Endişeli durumla baş etmek konusunda yetersiz olduğumuza inandığımızda, kendimizi çaresiz hissederiz.
Gözde Büyütülen Tehlike + Hafife Alınan Kişisel Baş etme = Yüksek Kaygı
NASIL BAŞEDECEĞİZ?
- Bir durumun üstesinden gelmek için düşündüğünüz kadar zayıf ve baş etmekten aciz olmadığınızı bilmelisiniz.
- Sakin kalmayı hatırlamak ve fiziksel olarak gergin ve telaşlı olmamaya çalışmalısınız.
- Daha olumlu ve sakinleştirici bir şey hakkında düşünmeye çalışınız.
- Unutmayın, “her yolculuk ilk adımla başlar”.
DEPREME DAİR ÖNERİLER
- Afet ve travmalardan sonra insanlar bir suçlu arama eğiliminde olabilirler.

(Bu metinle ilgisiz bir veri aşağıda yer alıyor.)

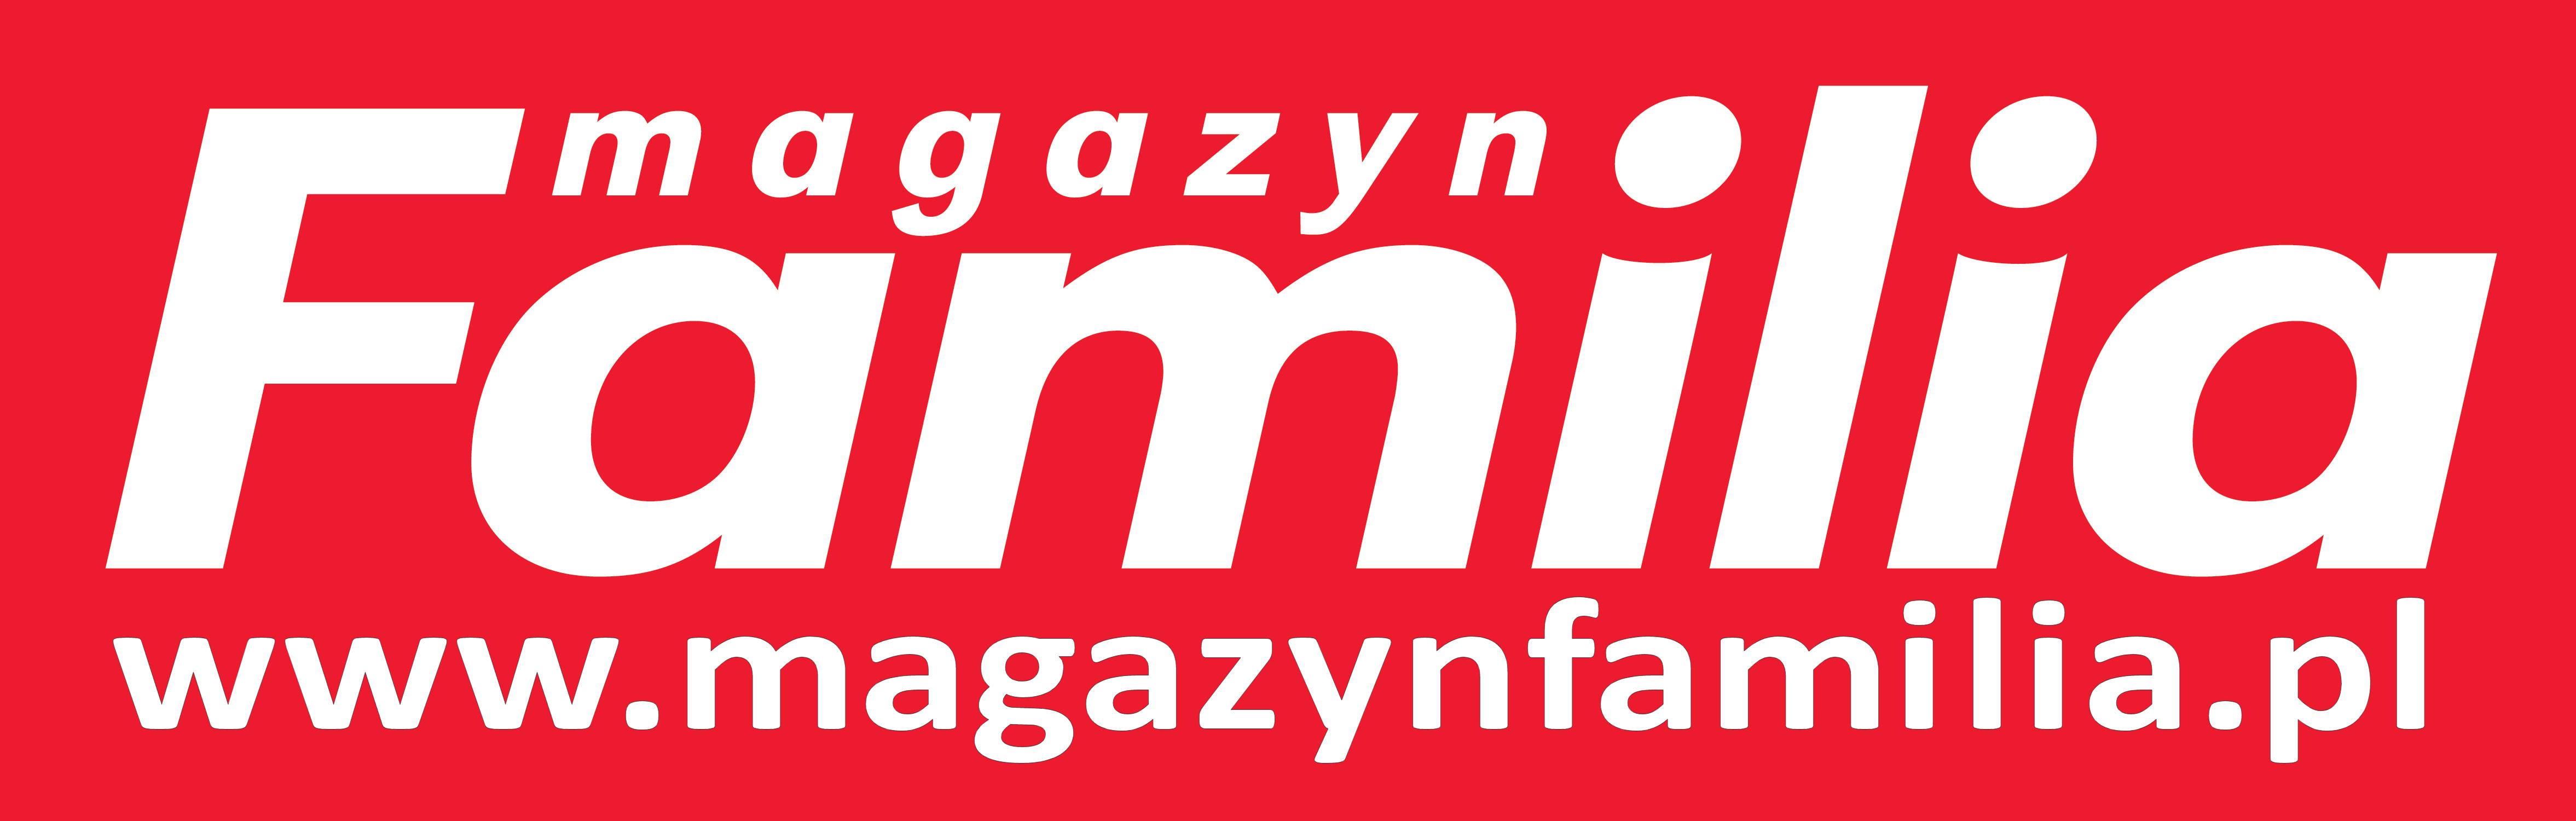 Magazyn Familia
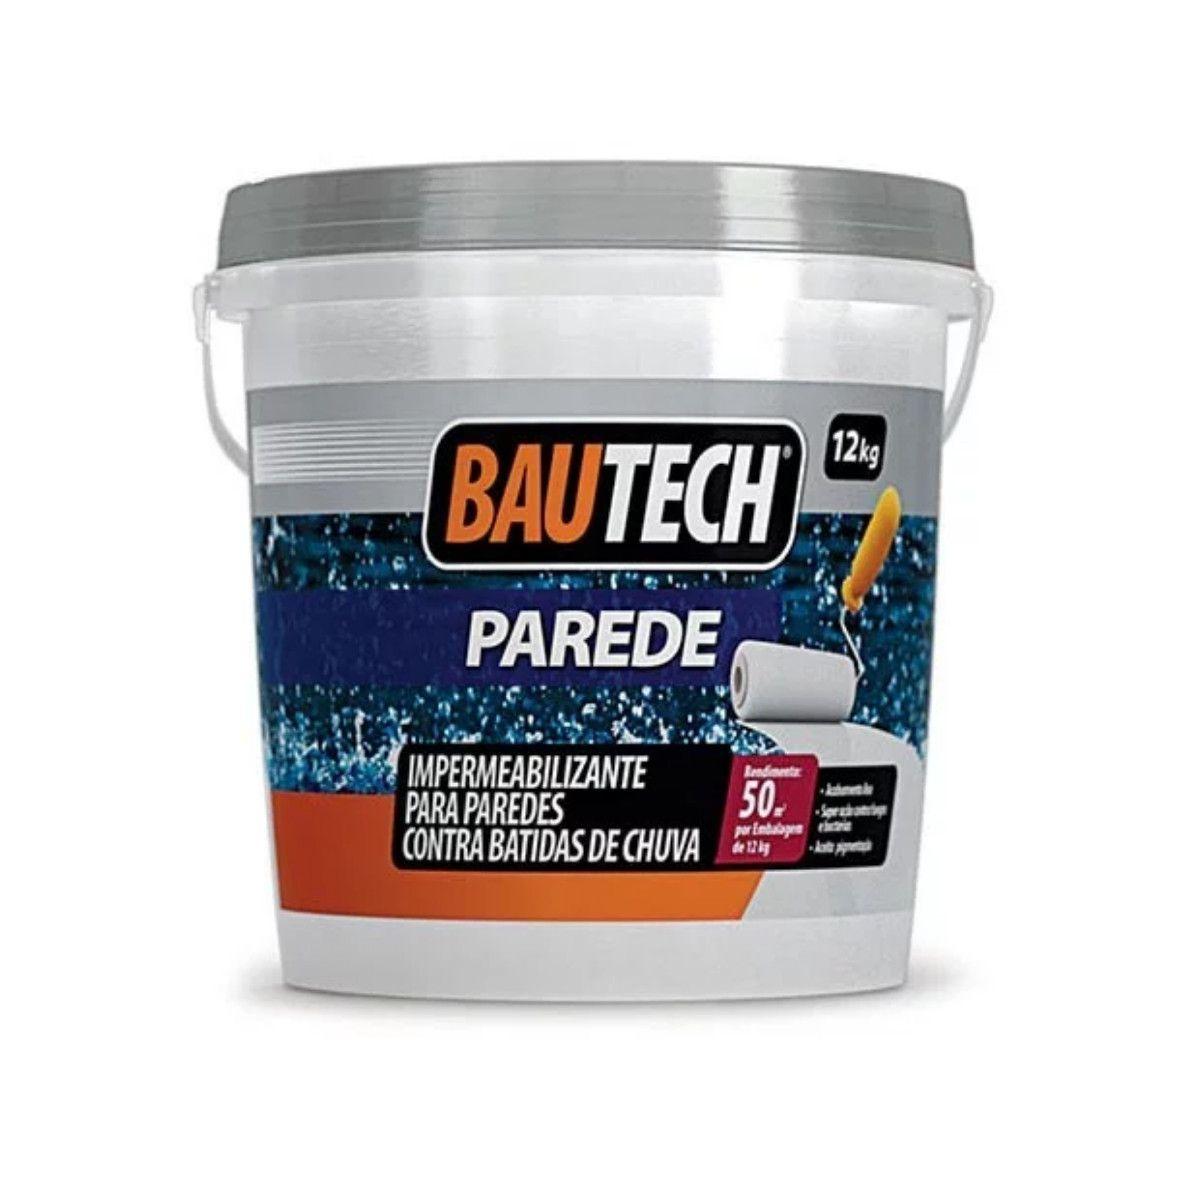 Bautech Parede Branco 12kg

Söylentiler ve tek bir kişi ya da grup sebebiyle bu kişileri günah keçisi haline getirecek haberler ve dedikodulara karşı dikkatli olun.

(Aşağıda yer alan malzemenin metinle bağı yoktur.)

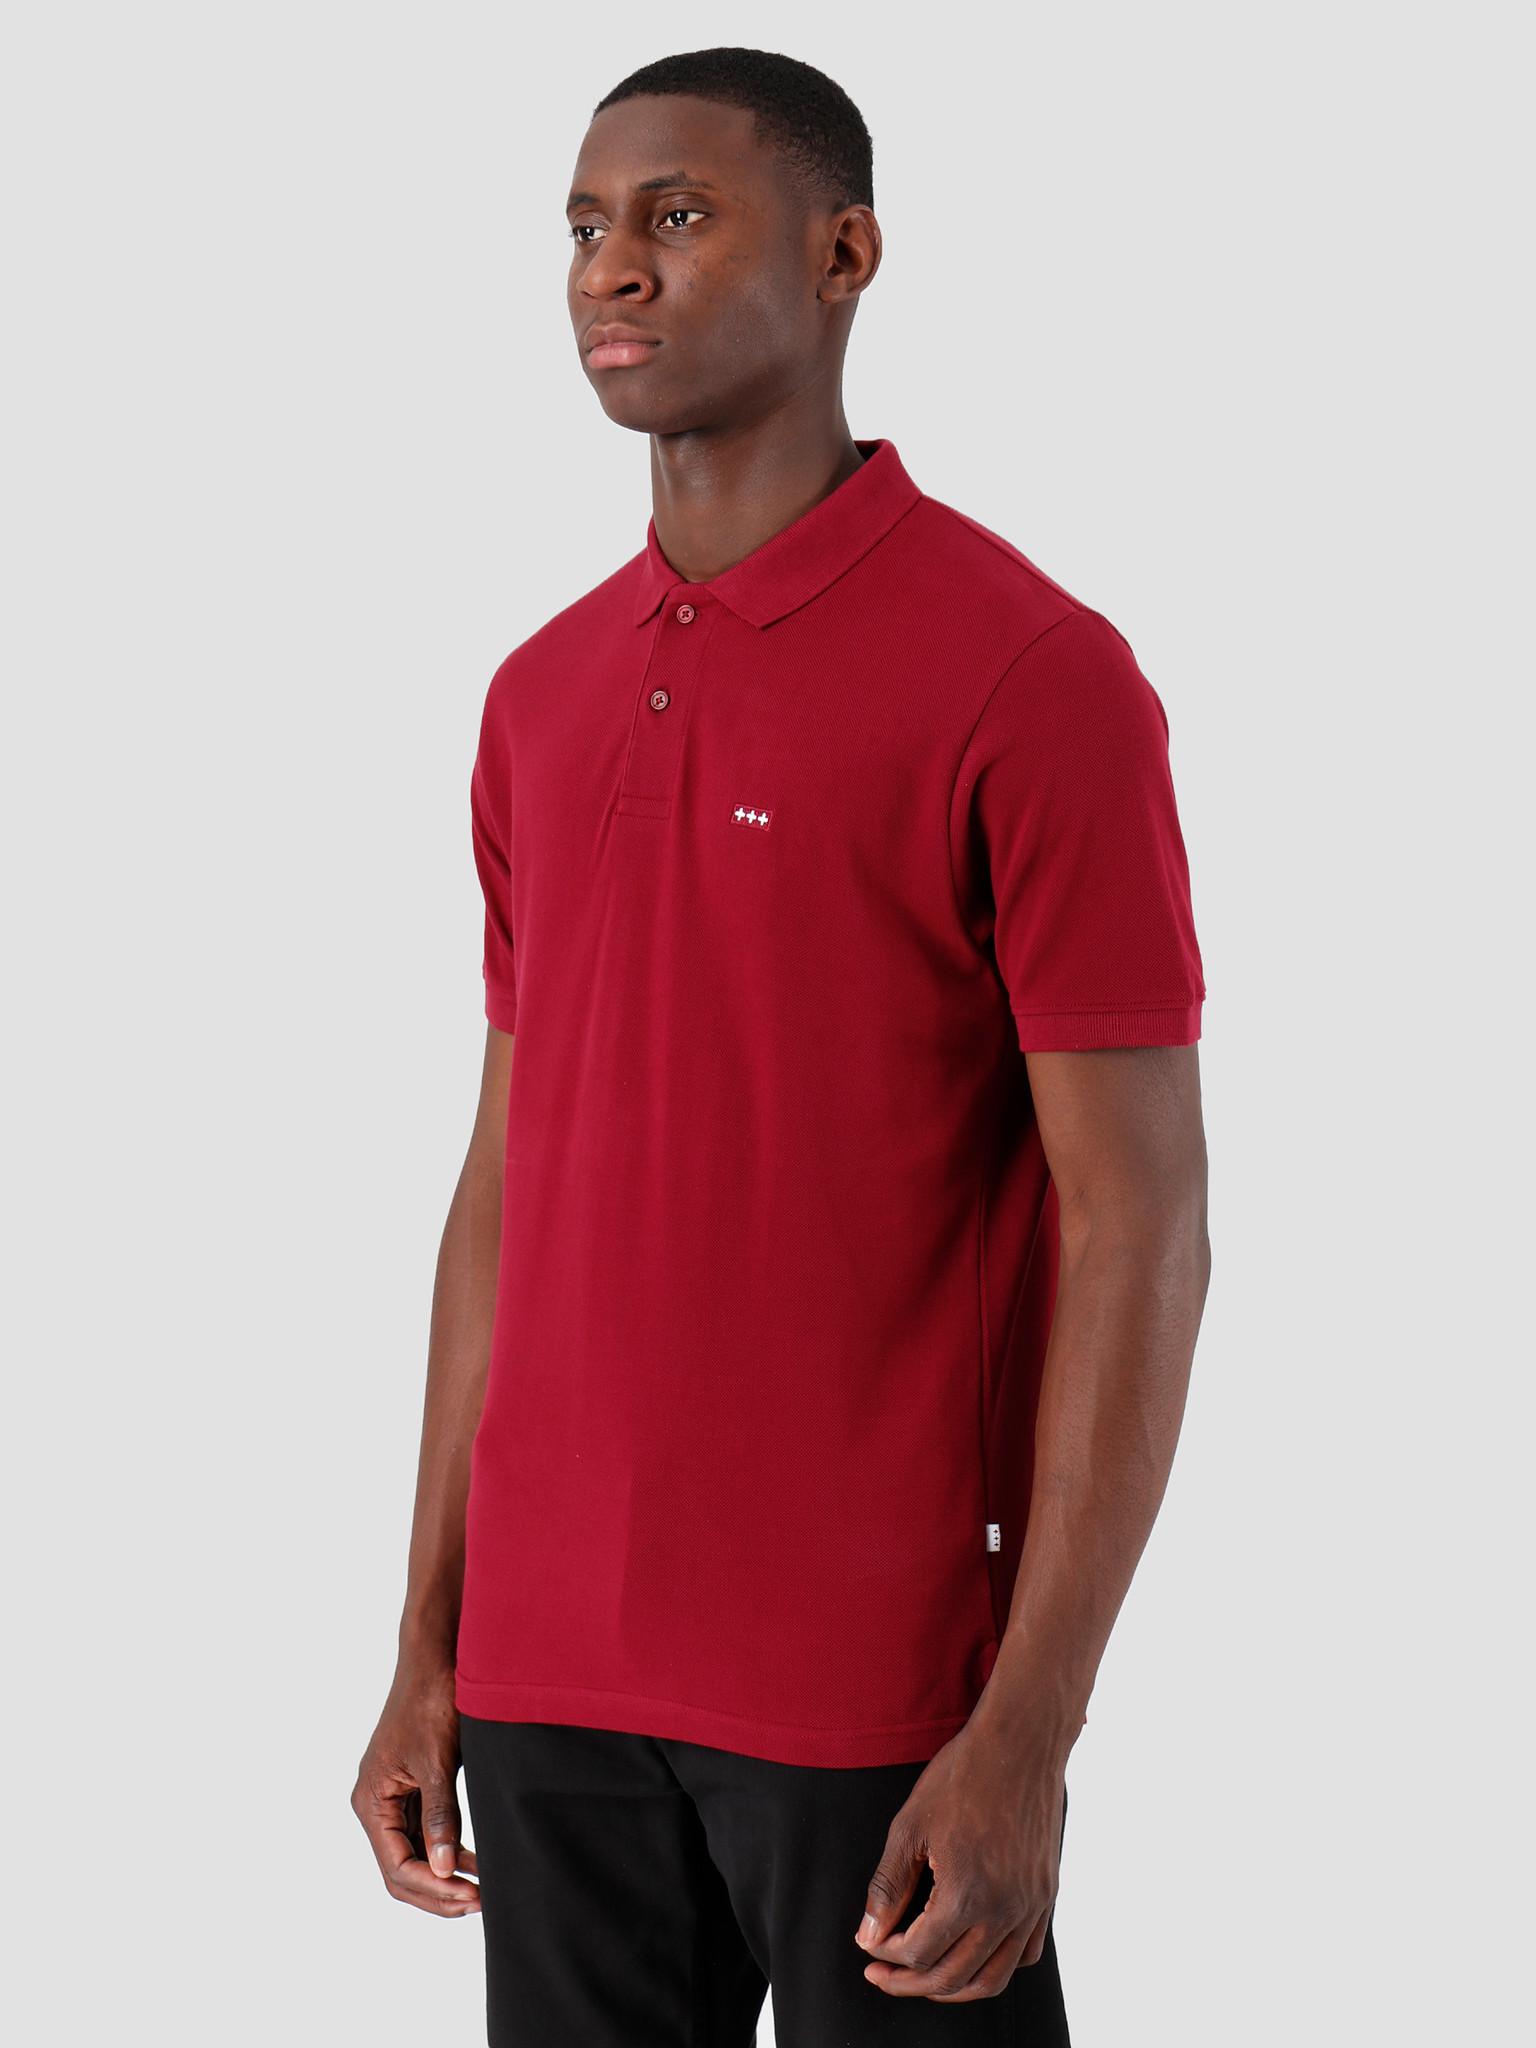 Quality Blanks Quality Blanks QB50 Polo Burgundy Red

- Özellikle çocukların depreme ait görsellere ve videolara maruz kalmasını azaltın. Yetişkinler bazen görüntüleri izlemek ihtiyacı duyabilirler ancak tekrar tekrar, gün boyunca yıkım görüntülerini izlemek ruhsal etkilenmenizi artıracaktır.

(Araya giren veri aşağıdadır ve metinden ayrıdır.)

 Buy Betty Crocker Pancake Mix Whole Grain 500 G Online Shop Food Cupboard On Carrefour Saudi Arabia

- Yasadığınız olayı sizi dinleyebilecek bir yakınınızla konuşmaktan kaçınmayın. Arkadaşlar, aile, komsularla olan olumlu ve destekleyici ilişkilerinizi sürdürün.
- Bedeninizin bakımına özen gösterin. Alkol ve sigara kullanımı gibi sağlığınızı olumsuz etkileyecek baş etme yöntemlerini kullanmayın, sizi rahatlatan şeyler her neyse (yürümek, arkadaşlarınızla dertleşmek, ibadet, doğada bulunmak vs.) onları yapmaya çalışın.
- Günlük yaşamınızı düzene koymaya çalışın. Yoğun ve rutin çalışma yaşamına dönülemese bile, günlük aktivitelere küçük küçük başlamak yararlıdır.
- Kendinizden daha zor durumdaki insanlara yardımcı olmaya çaba gösterin.
- Bir günlük tutun. Bu, duygu ve düşünceleri dışa vurmak açısından önemlidir.